Sinal de uma mudança radical no paradigma missionário, mais ainda, do fim de uma era, a do "cristianismo" clerical, eurocêntrico, colonial, cujos protagonistas foram sobretudo os Institutos religiosos e missionários, que surgiram em grande número após o Concílio de Trento (1545-1563), quando a evangelização era considerada uma atividade periférica da Igreja, confiada a especialistas - missionários ad gentes, principalmente clérigos -, que se deslocavam do Ocidente "cristão" para as periferias "não cristãs" do planeta, reproduzindo ali uma Igreja e um cristianismo teológica e estruturalmente já definidos e constituídos.
Hoje, em uma Itália -e Europa-, que também se tornou uma "terra de missão", onde a simbiose entre o cristianismo e a cultura dominante não é mais evidente, a Igreja e os cristãos também estão passando por uma metamorfose sem precedentes, a ponto de um grande teólogo dominicano, apaixonado pelo ecumenismo, Jean Marie Tillard (1927-2000), chegou a se perguntar em sua Carta aos cristãos dos anos 2000 (1999), se "nós somos os últimos cristãos".
A inspiração para a pergunta do título do nosso editorial vem desta carta: "Seremos os últimos missionários?". A tentativa de resposta de Tillard também parece interessante e presciente: “Nós somos certamente os últimos de todo um estilo de cristianismo. Não somos os últimos cristãos”. De fato, mostra o quanto do cristianismo ainda é inexistente, inédito, depois de dois mil anos de história, como alerta Dominique Collin, jovem irmão de Tillard, também teólogo, em duas publicações recentes “O cristianismo não existe ainda; O Evangelho não ouvido”.

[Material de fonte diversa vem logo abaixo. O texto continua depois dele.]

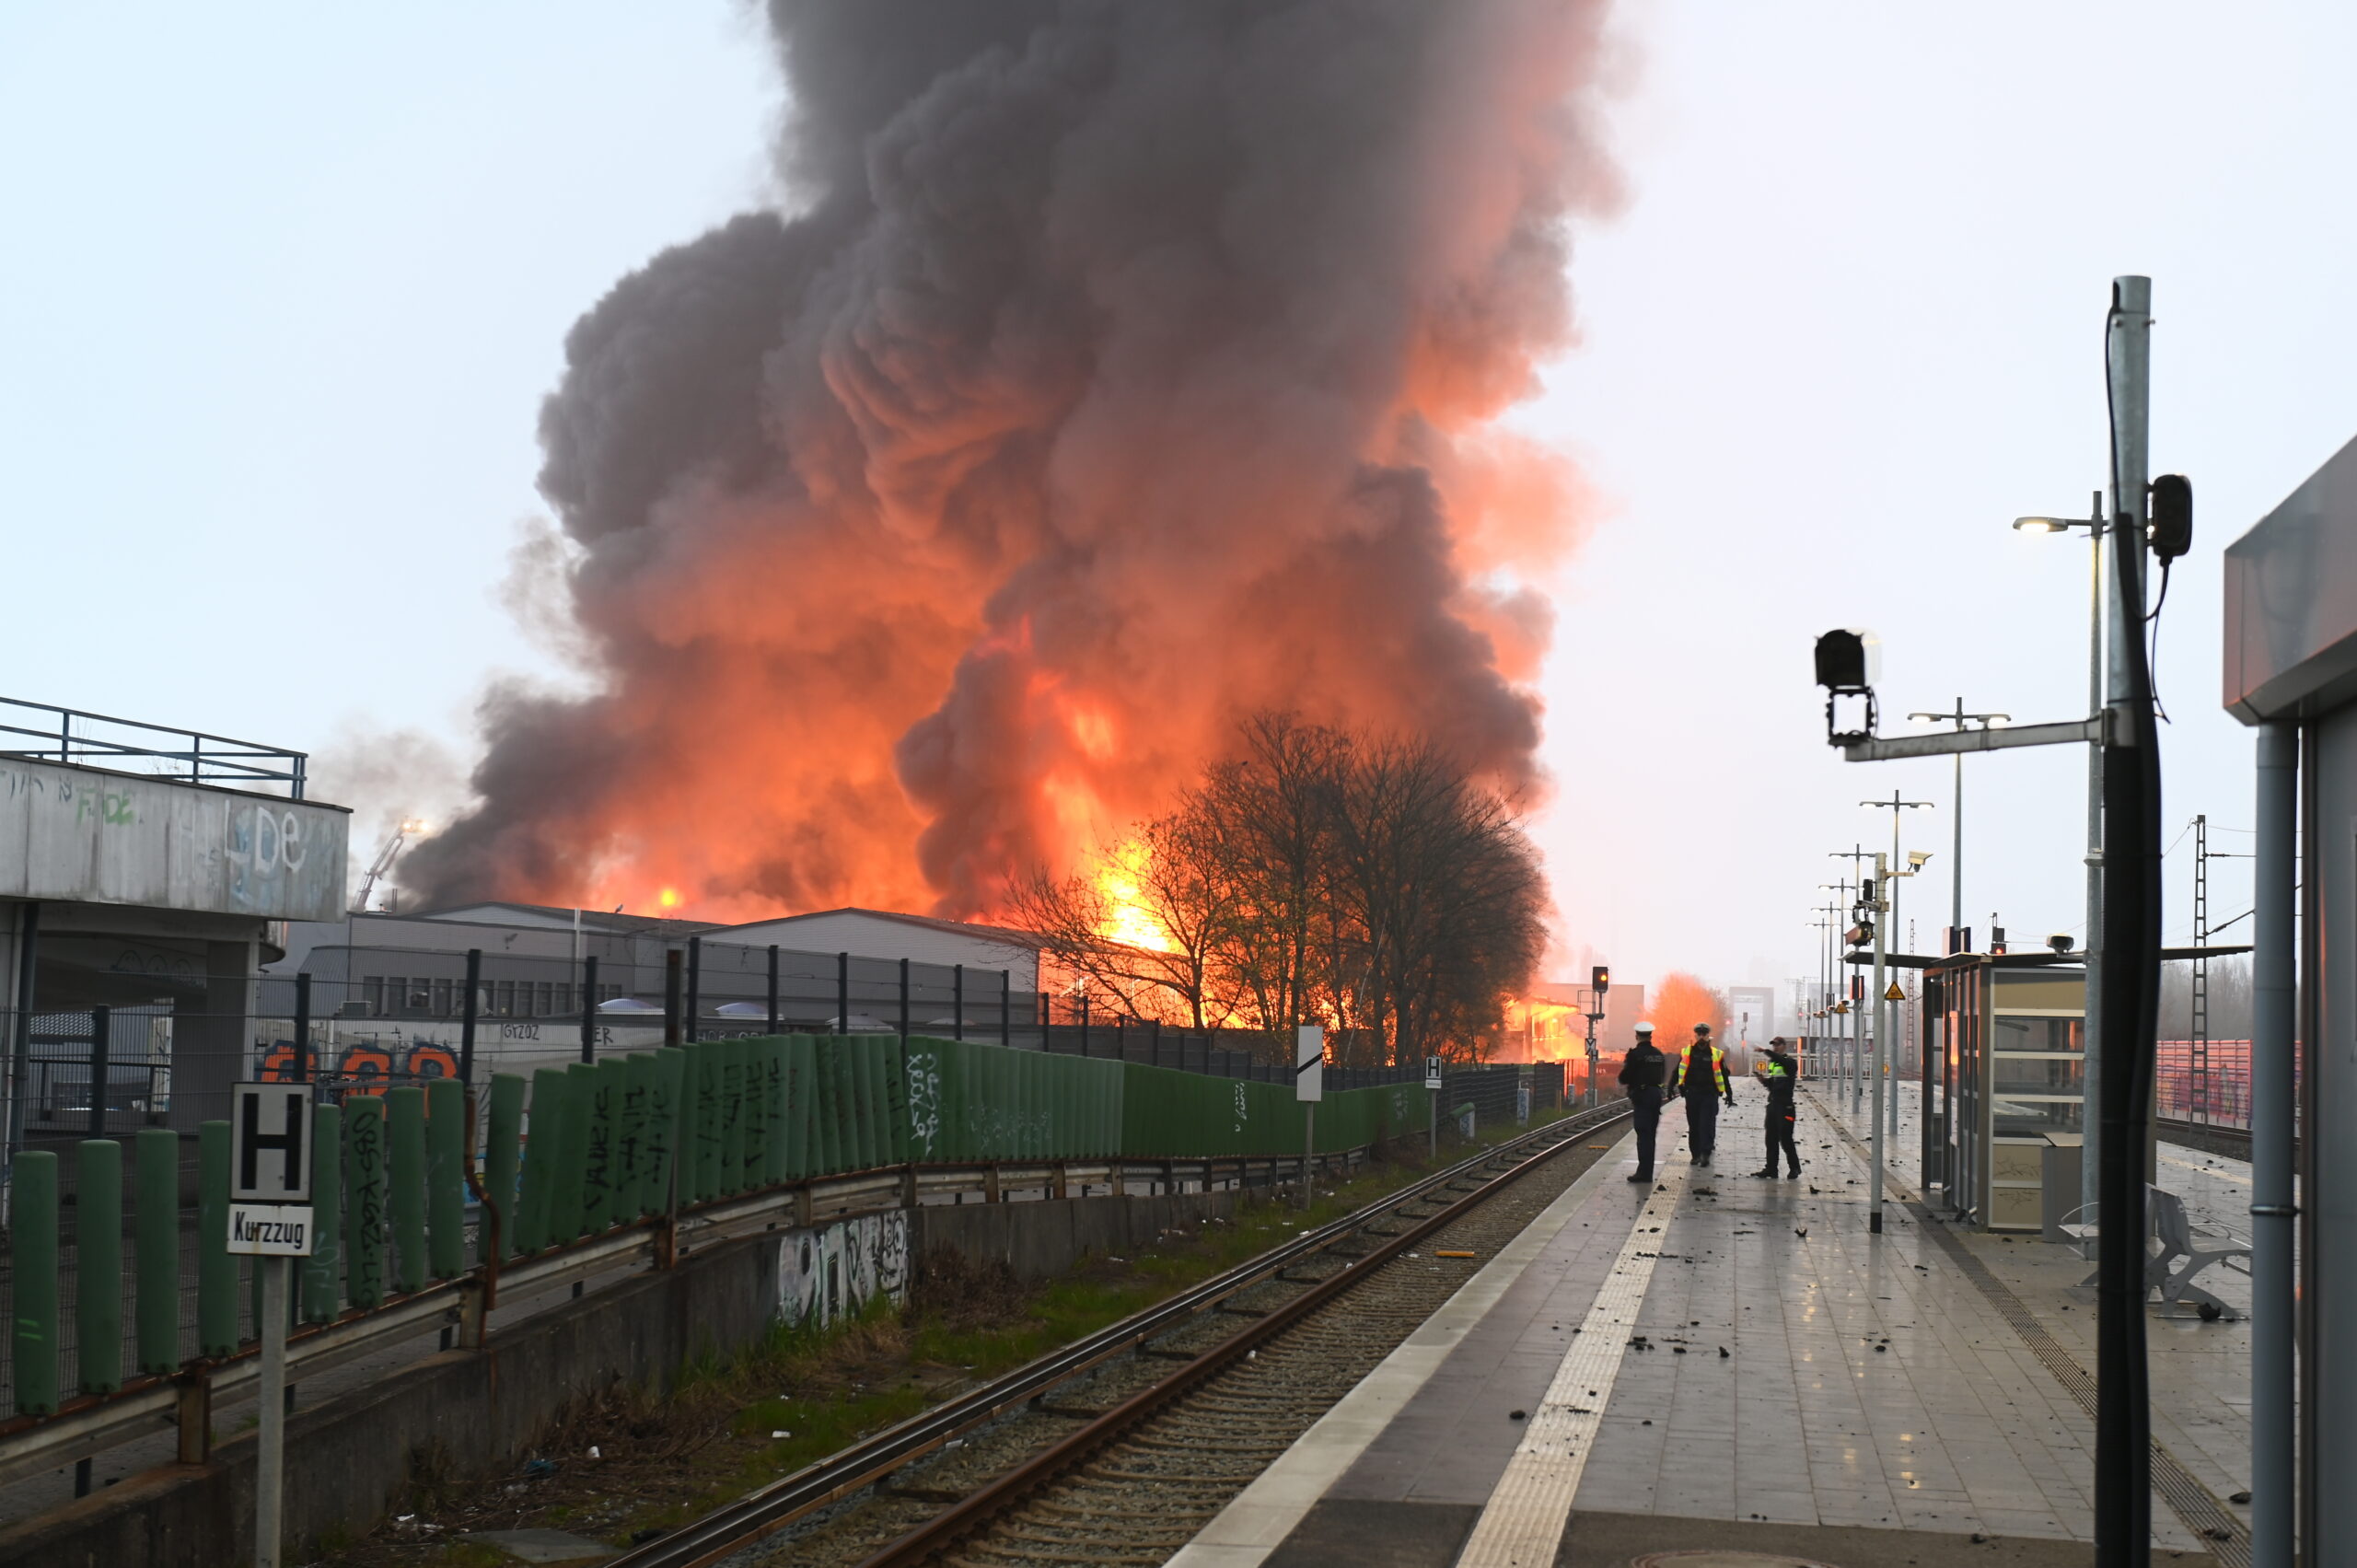 Polizisten stehen an einer Haltestelle am Bahnhof Hamburg-Rothenburgsort, während Flammen eines Großbrandes im Hintergrund zu sehen sind.

Para estarmos no limiar de um novo estilo de cristianismo, como sugere o teólogo jesuíta Christoph Theobald, que, em relação à Europa, mas não só, fala de um "cristianismo como estilo", hospitaleiro, acolhedor do fé mesmo onde você não espera. Um estilo que exige uma nova eclesiogênese, um renascimento missionário da Igreja, uma mudança fundamental na perspectiva pastoral, tanto na Europa como no resto do mundo, onde as comunidades cristãs vivem agora na "diáspora", como minorias em diálogo com outras muitas vezes perseguidas. Daí também a urgência de um novo estilo de missão e missionário, só comparável à fundação de comunidades cristãs oriundas do paganismo, como testemunham os Atos dos Apóstolos. Isto significa uma Igreja em permanente estado de missão, expansiva, acolhedora, humilde. Somos certamente os últimos missionários de estilo imperial, mas talvez não os últimos de estilo hospitaleiro.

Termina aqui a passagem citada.